Topics in Depth
The Theme of Structures Only in Plant (and Other) Cells in Cells
Structures Only Found in Plant (and Some Algae and Fungus) Cells
Now we move on to the fun stuff that you only wish you had in your cells. It's OK to be jealous.
Like the cell walls in bacteria, fungi, algae, and some Archaea (single-celled organisms), plant cell walls are found just outside the plasma membrane and provide structure and protection to the cells.
The Cell Wall: Not Yours.
Transmission electron micrograph source: Paungfoo-Lonhienne et al. PLoS ONE. 2010; 5(7).
The cell wall prevents plant cells from bursting (lysing…) when too much water moves into the cell across the membrane. As water pushes against the cell wall from the inside, plant cells become large and firm because pressure, known as turgor pressure, builds up against the inside of the cell wall.
You have experienced the presence of turgor pressure when you have broken a piece of crisp celery. In the same way, if you have every tried to break a piece of wilted celery, you also know what effect the absence of turgor pressure can have on a plant. Plant cell walls also have small openings, called plasmodesmata, that allow cells to communicate with adjacent cells. Plant cell walls are composed primarily of a protein called cellulose, while fungal cell walls are made of a protein called chitin.
Large Central Vacuole
Most plant cells have a large membrane-bound sac called a vacuole. In many types of plant cells, this vacuole can occupy between 30% and 80% of the total volume of the cell, making it the largest single cellular structure. The main function of the large central vacuole is to help the cell maintain water pressure, aka turgor pressure, on the cell wall. Water molecules flow into the central vacuole and, like a big balloon inside a cardboard box, fills up and pushes outward on the cell wall.
Helpful tip: Vacuole sounds a lot like vacant, or vacuum, and this is a good way to think about this organelle. It mostly contains a water-based solution with some organic compounds and enzymes.
Many plant and algae cells contain small, green organelles called chloroplasts.

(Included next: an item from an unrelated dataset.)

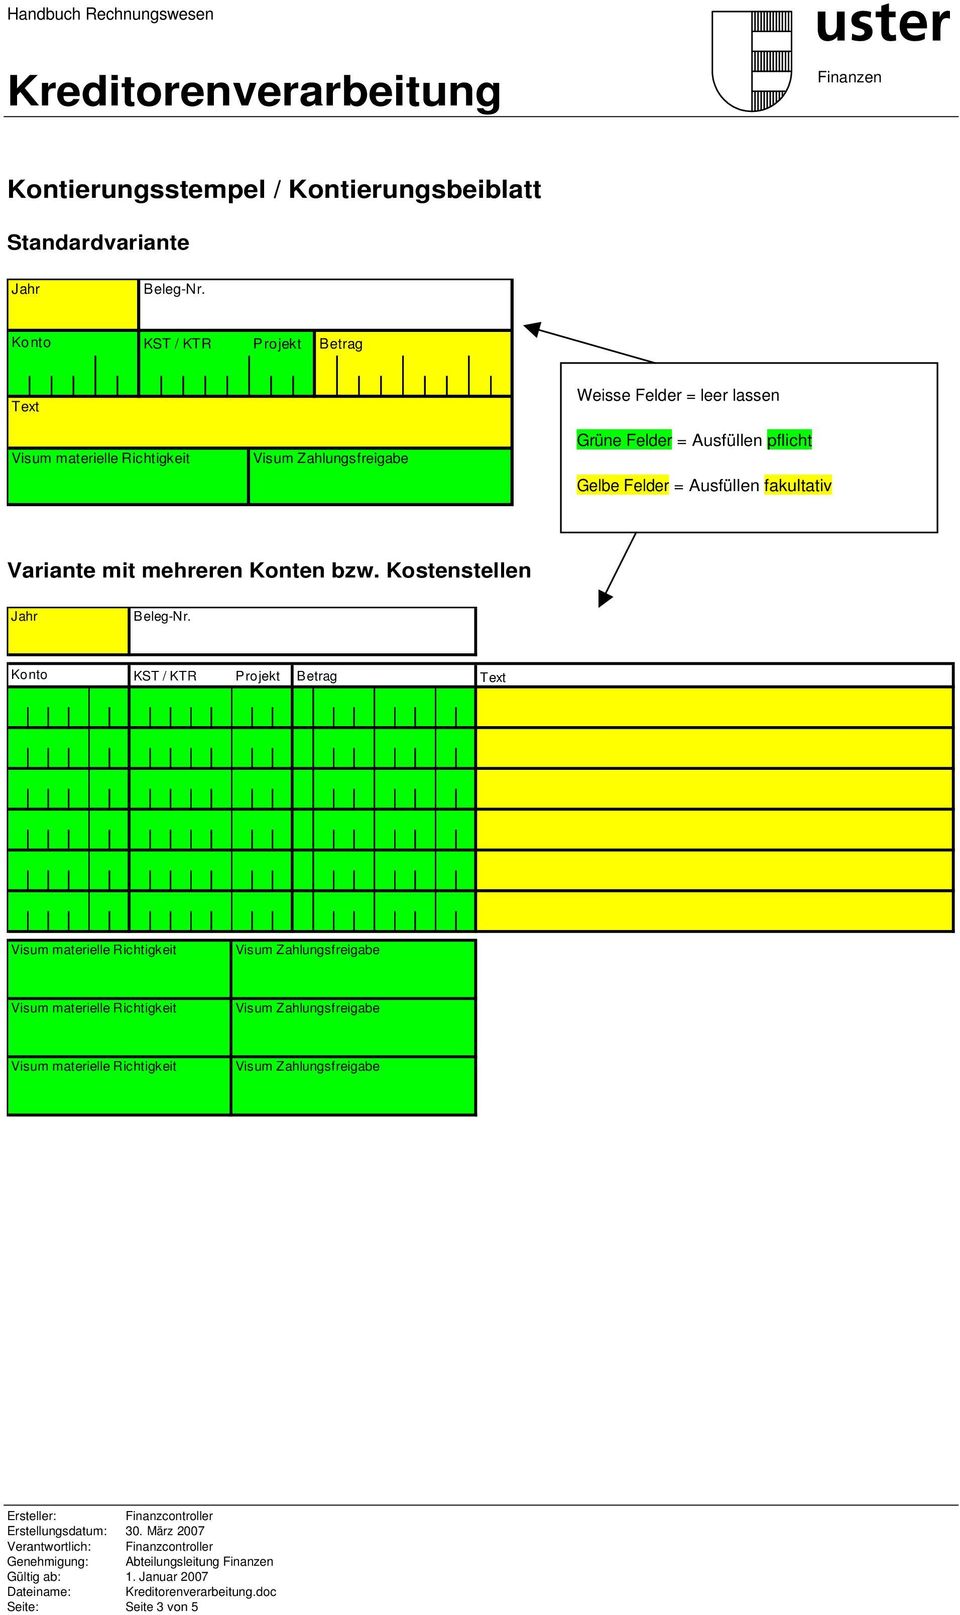 Ausfüllen pflicht Gelbe Felder = Ausfüllen fakultativ Variante mit

Here is what our green friend looks like:
Transmission electron micrograph source: Wikimedia Commons
These organelles are responsible for converting the energy from the sun into chemical energy, usually in the form of glucose, through the elaborate process of photosynthesis. Chloroplasts are green because they contain large amounts of the green pigment chlorophyll bound to proteins embedded in internal stacks of membranes called thylakoids. Sunlight is captured by chlorophyll molecules and transferred throughout the thylakoid membranes to give off energy. This energy is used to strip carbon from carbon dioxide in the air to make sugar. Generally, in any given plant, only some of the cells will contain chloroplasts.
The chloroplast was also a free living bacterial cell at one point, and its genome is much larger than that of the mitochondrion.